Tuesday, September 20th, 2016

Olympus used Photokina to announce their new flagship professional model Micro Four Thirds mirrorless camera – the E-M1 Mark II which they say improves upon the original model in nearly every aspect and leap frogs above APS-C cameras in terms of speed and value to the photographer.

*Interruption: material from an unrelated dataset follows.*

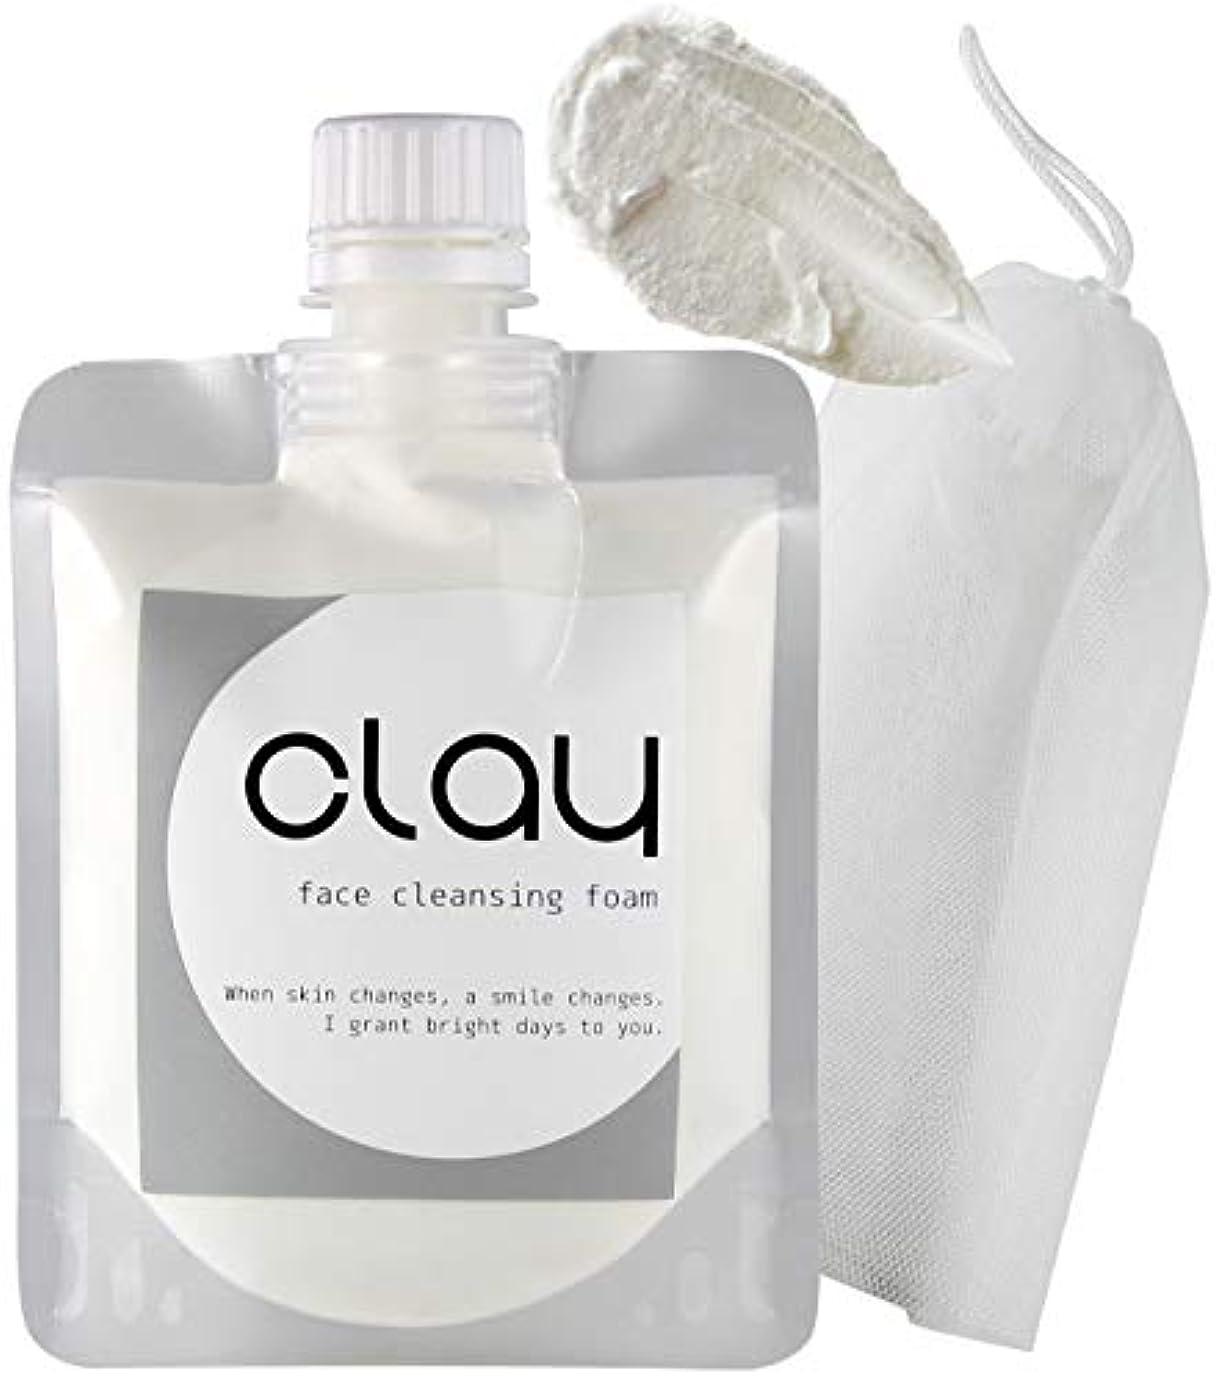 ピラミッド自体代わってSTAR'S クレイ 泥 洗顔 オーガニック 【 毛穴 黒ずみ 開き ザラ付き 用】「 泡 ネット 付き」 40種類の植物エキス 16種類の美容成分 9つの無添加 透明感 柔肌 130g (Clay)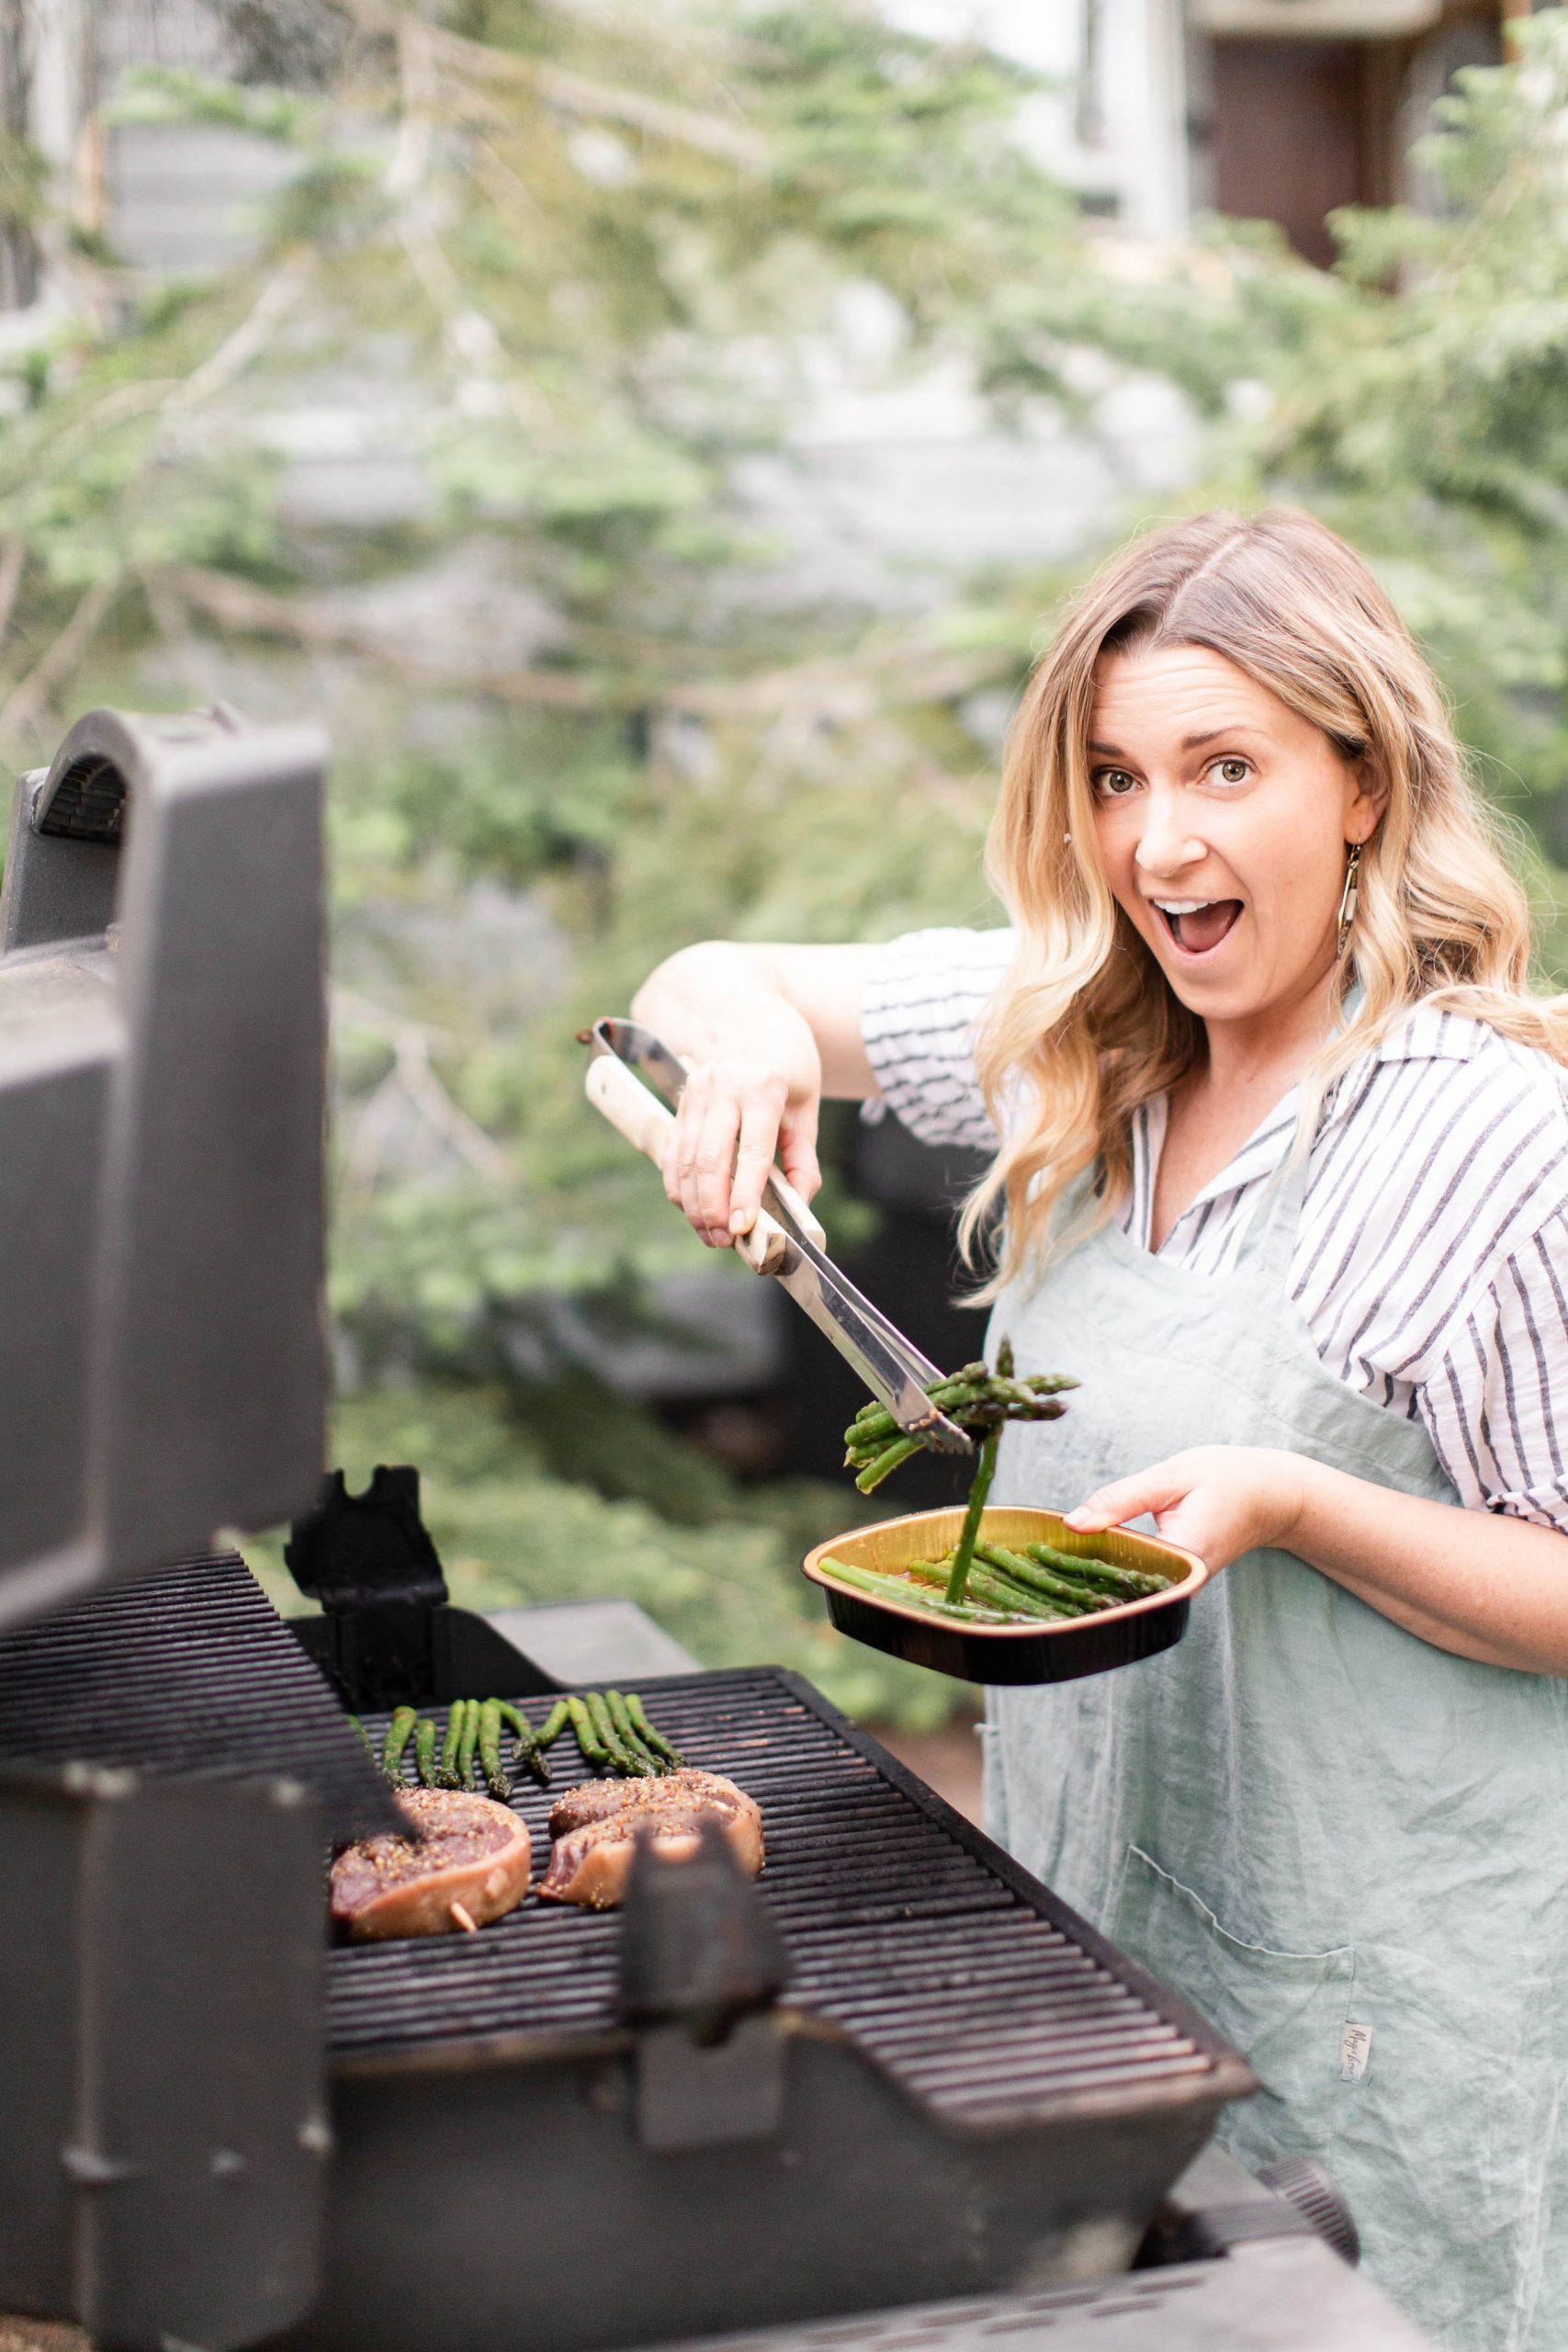 Kari Skelton BBQ'ing asparagus

I must say the specs to blow away the newly announced Canon EOS M5 mirrorless camera even if you don’t consider the amazing range of dedicated fast AF lenses available for Micro Four Thirds.

Specifications:

  • FASTER, MORE ACCURATE BURST MODE
    • 18fps full size RAW with C-AF in electronic shutter mode
    • 60fps full size RAW with locked S-AF in electronic shutter mode
    • 2x more buffer capacity
    • 3x faster internal write speed
    • 50% faster start up time from camera switch on
  • PDAF area coverage now 81% greater than in Mark I, now covers ~80% of each frame dimension, up from 60%
  • 3.3x more AF points – all 121 PDAF AF points are now cross-type and offer DUAL FAST AF with PDAF and CDAF which are used in every shooting mode.
  • new AF algorithm for much better subject tracking as well as in detecting subject from background even when background is close and of similar colour and texture
  • new “AF Cluster Display” can display the AF points being used to track the subject in real time
  • new “PRO Capture” can start capturing images as soon as you start to depress shutter and up to you depress shutter fully allowing lag free pre-capture of 14 RAW frames to reduce chance of missing a precise moment
  • new electronic viewfinder with faster 120 fps refresh rate and shorter 6msec reaction time giving crisp and smooth vision giving 60% faster response rate
  • as with Mark I, it is dustproof, splashproof and freezeproof with similar form factor
  • reliability improvements:
    • new battery compartment
    • new battery is longer lasting and charges faster
    • improved grip which is more secure and offers better handling
    • at last we get dual SD card slots and UHS compatibility
  • image quality:
    • new 20Mp live MOS sensor with low power consumption and higher speed data read out and improved dynamic range and noise performance of 1 f stop better noise
    • TruePic VIII double quad core image processor
    • re-developed image stabilisation system now gives 5 axis Sync IS at up to 6.5EV stabilisation!
    • 50/80mp HiRes shot with image blur of moving subject prevented using TruePic processor
      • should be awesome for high resolution tripod product shots or film scanning with less moire than with dSLRs
    • 4K video up to 30P and Cinema 4K at 237Mbps quality
  • optional accessories include:
    • HLD-9 / AC-5 battery holder grip with keypad for use in either landscape or portrait orientation
    • RM-CB2 remote cable
    • FL-900R weather sealed flash with GN 58 and compatible with 10fps sequential shooting
    • STF Twin Flash for macro and 1st of kind to be weathersealed
    • PT-EP14 underwater case
    • improved Olympus PRO Service
      • next day delivery replacement unit for professionals if they choose additional paid Advanced or Elite level of service in selected countries
      • default Standard Plus level of service applies to all registered users
      • video hotline to help resolve issues before sending camera to repair

New PRO lenses:

Olympus mZD 25mm f/1.2 PRO

  • wide aperture standard lens for shallower depth of field and lovely bokeh as well as for low light work
  • weathersealed
  • manual focus clutch?
  • RRP $US1199?
  • see my wiki page for more details

Olympus mZD 12-100mm f/4 IS PRO

  • 1st ever travel professional grade 8.3x zoom lens covering 24-200mm in full frame terms at constant wide aperture of f/4
  • optical IS for Sync IS at up to 6.5EV IS with the E-M1 MkII
  • weathersealed
  • manual focus clutch
  • close focus to 15cm adds macro capability
  • RRP $US1299?
  • see my wiki page for more details

 

Photokina 2016 press event video

Okay, I am impressed – at last on paper – now for the reviews – I will post links to these on my wiki page as they are available.